§ Supplied entries
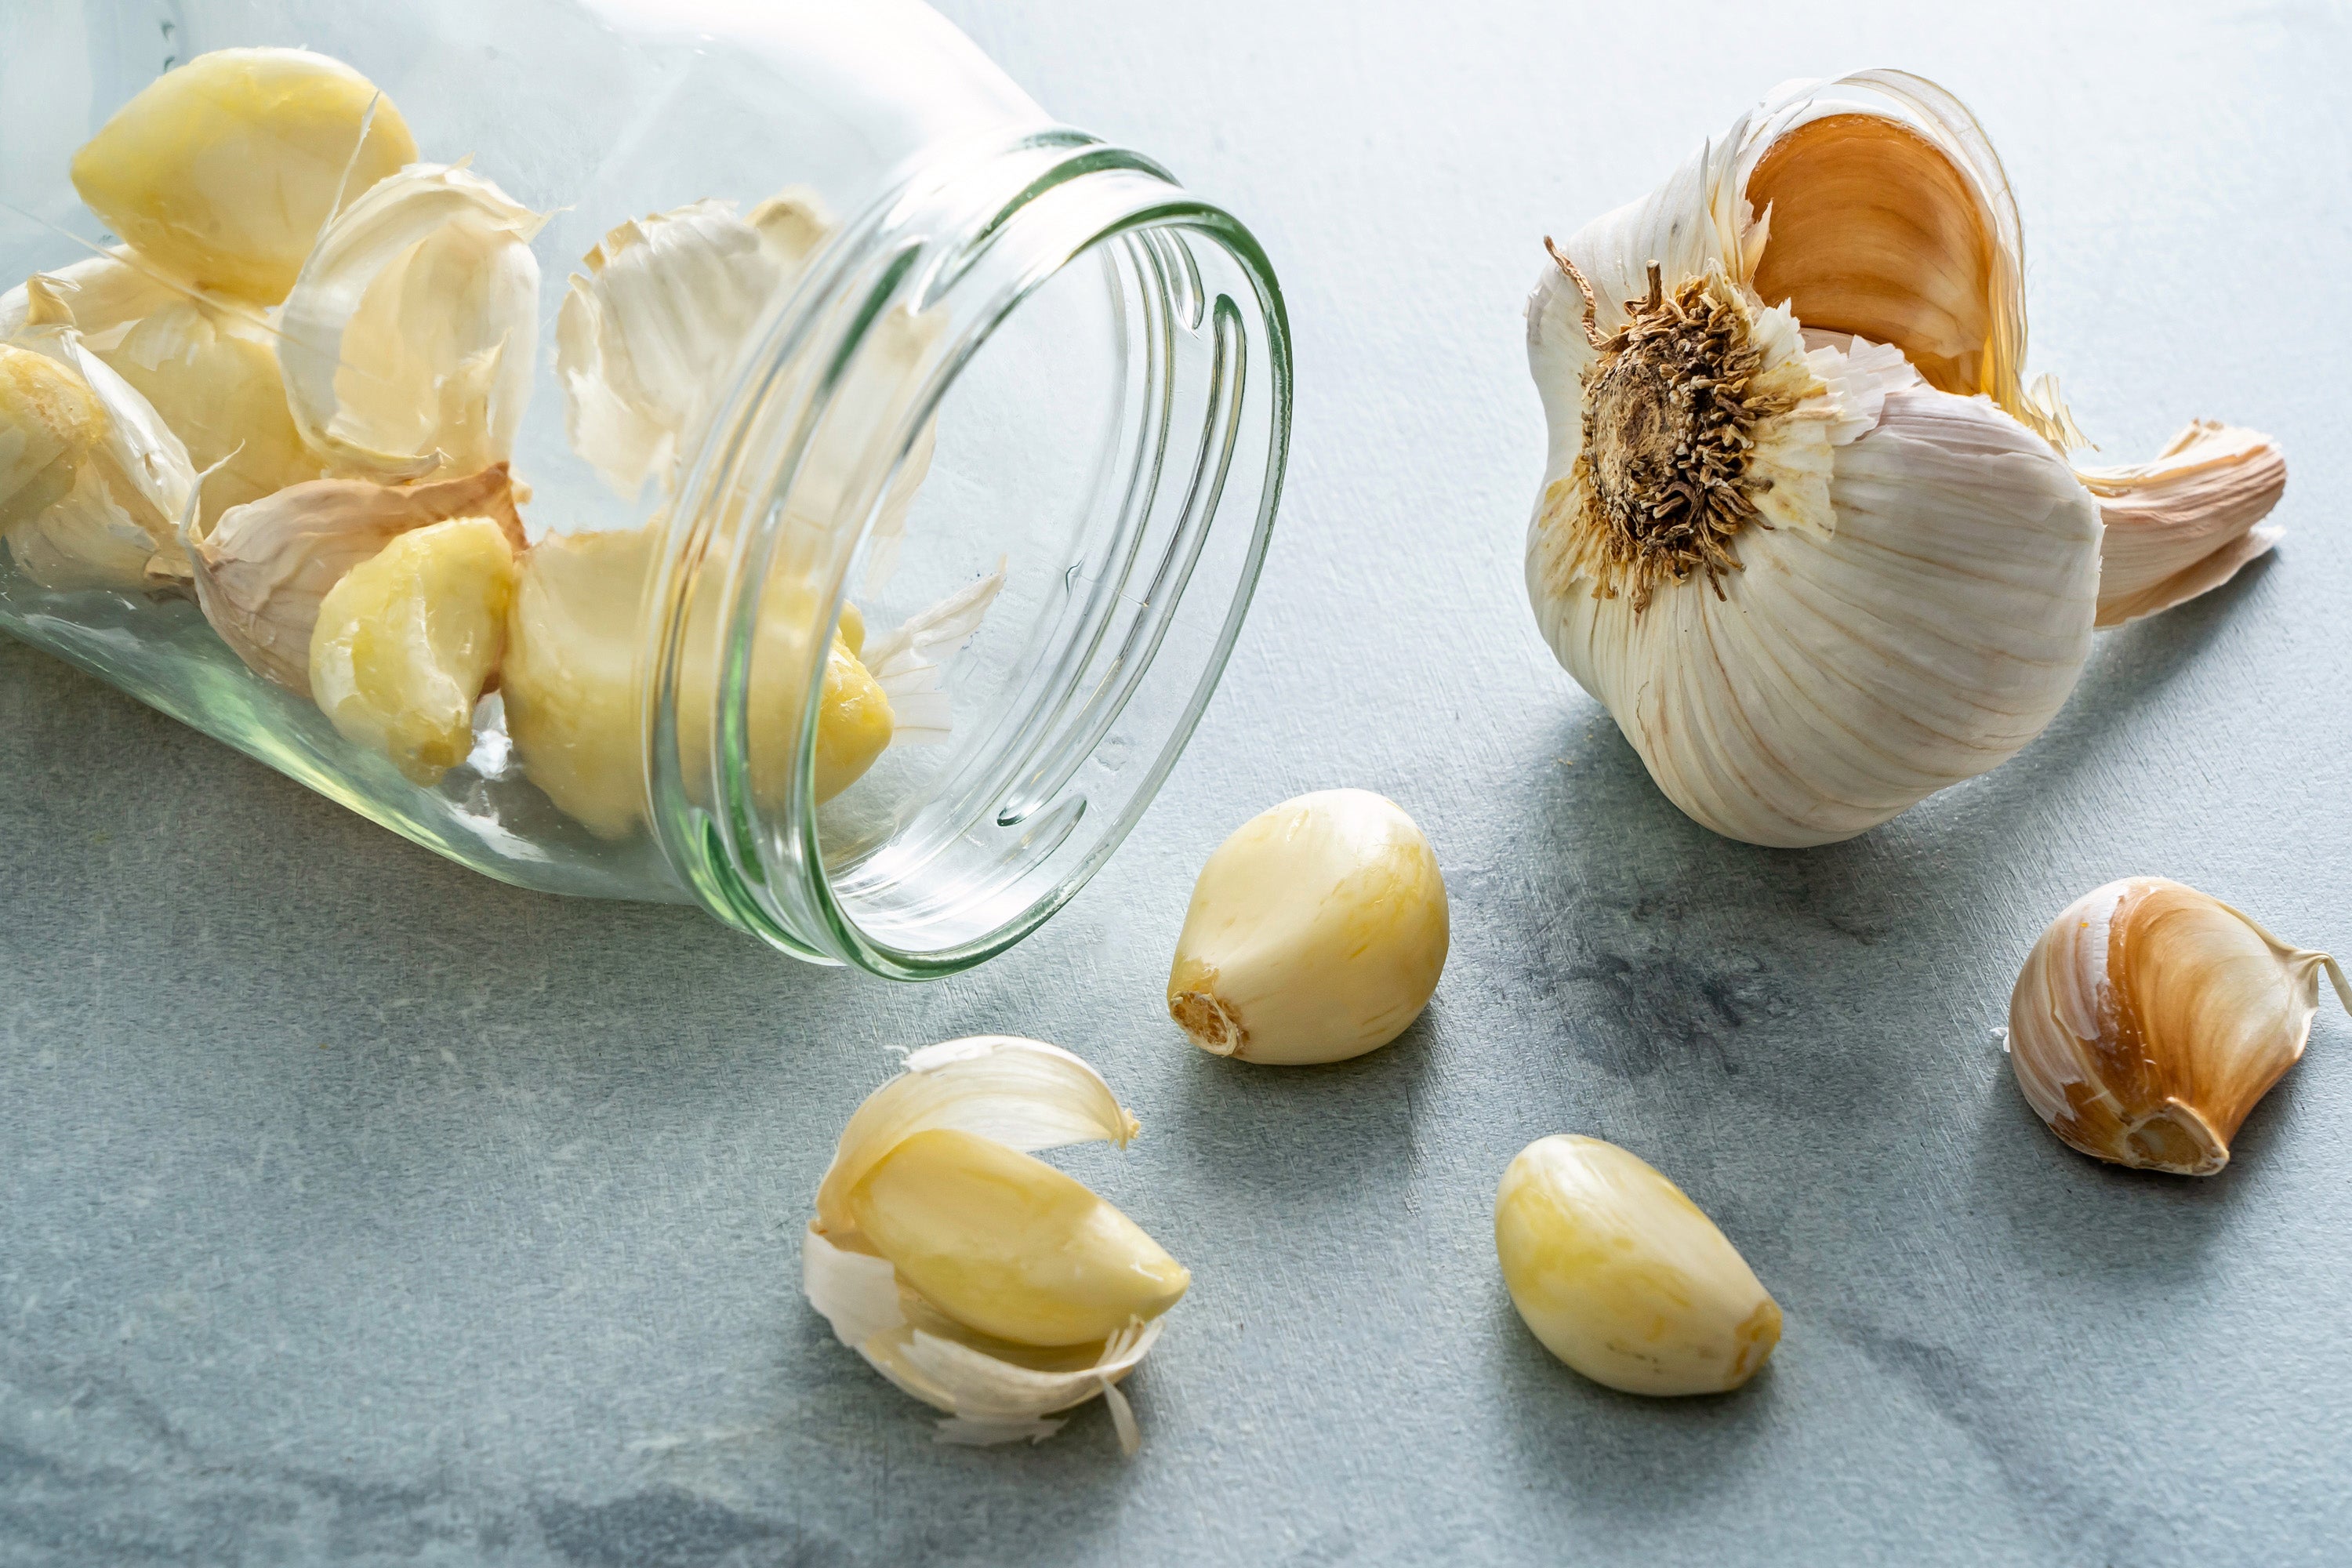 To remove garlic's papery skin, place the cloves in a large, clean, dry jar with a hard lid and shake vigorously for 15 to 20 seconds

---

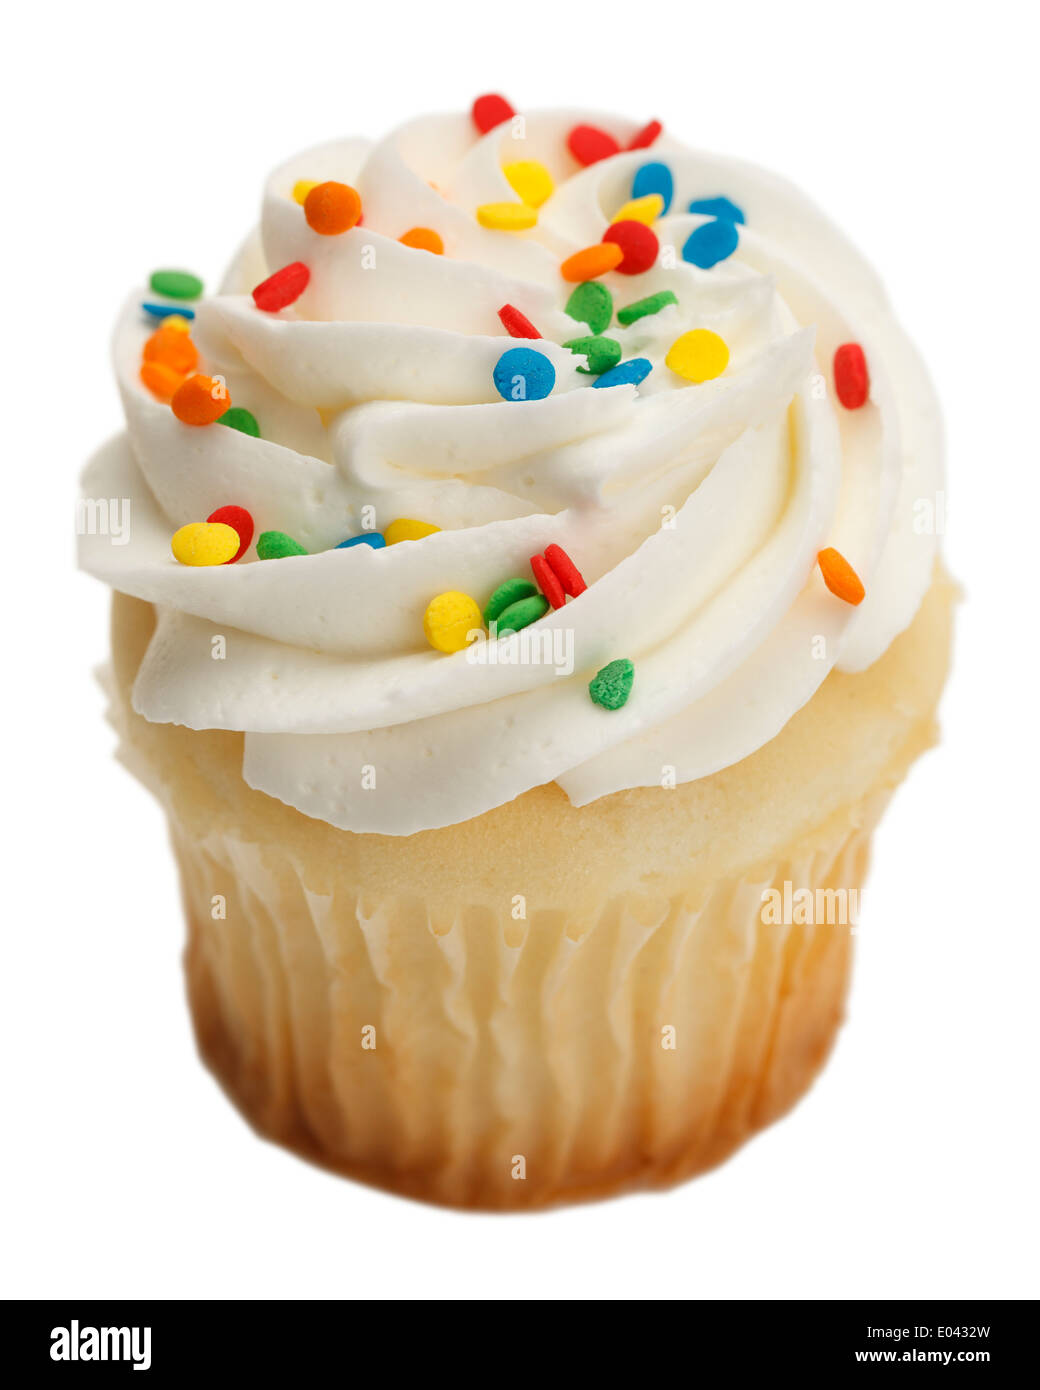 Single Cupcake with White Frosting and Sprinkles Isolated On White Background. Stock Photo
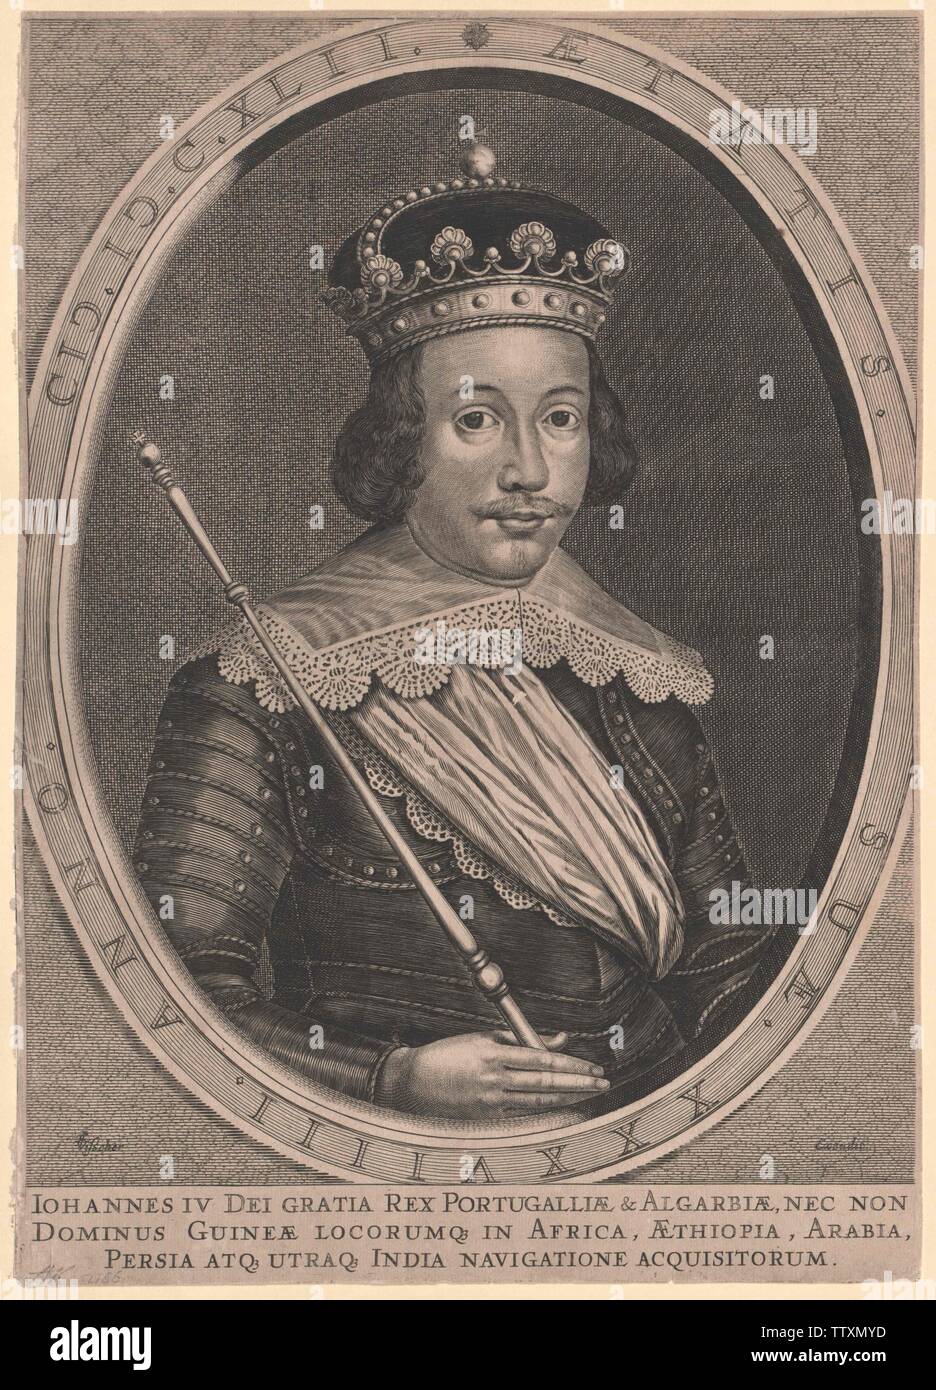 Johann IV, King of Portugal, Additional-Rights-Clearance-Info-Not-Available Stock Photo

--

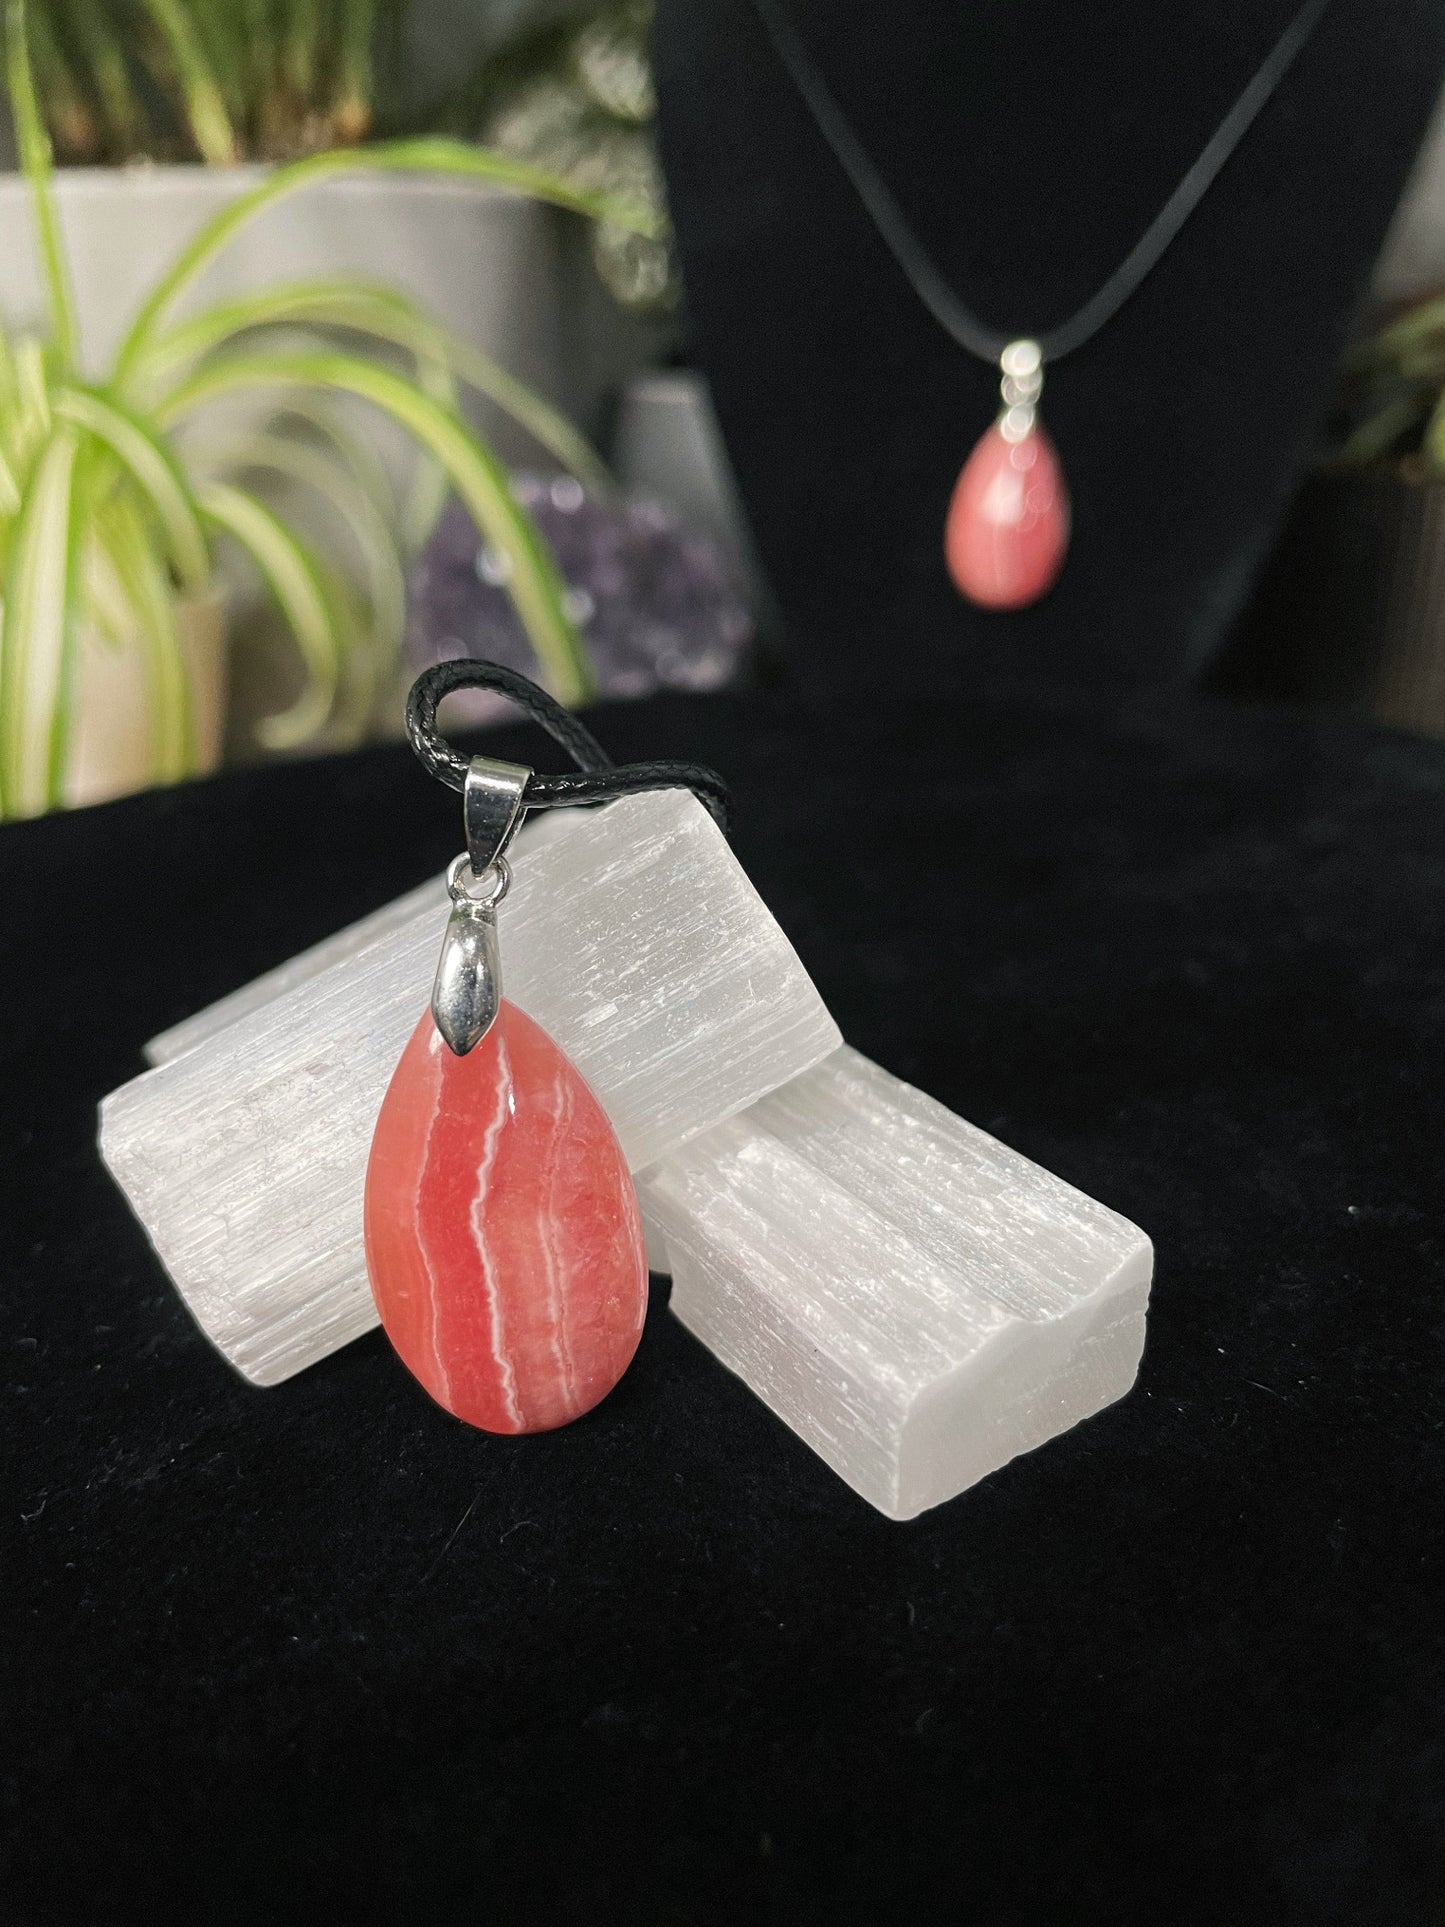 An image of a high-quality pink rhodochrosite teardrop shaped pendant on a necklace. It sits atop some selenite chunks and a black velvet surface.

§ Assignment
In the listing above, find the line containing "Single Cupcake with" and the line containing "Johann IV, King"; print those lines and every line between them exactly, leaving out pictures.

§ Task response
 Single Cupcake with White Frosting and Sprinkles Isolated On White Background. Stock Photo
 Johann IV, King of Portugal, Additional-Rights-Clearance-Info-Not-Available Stock Photo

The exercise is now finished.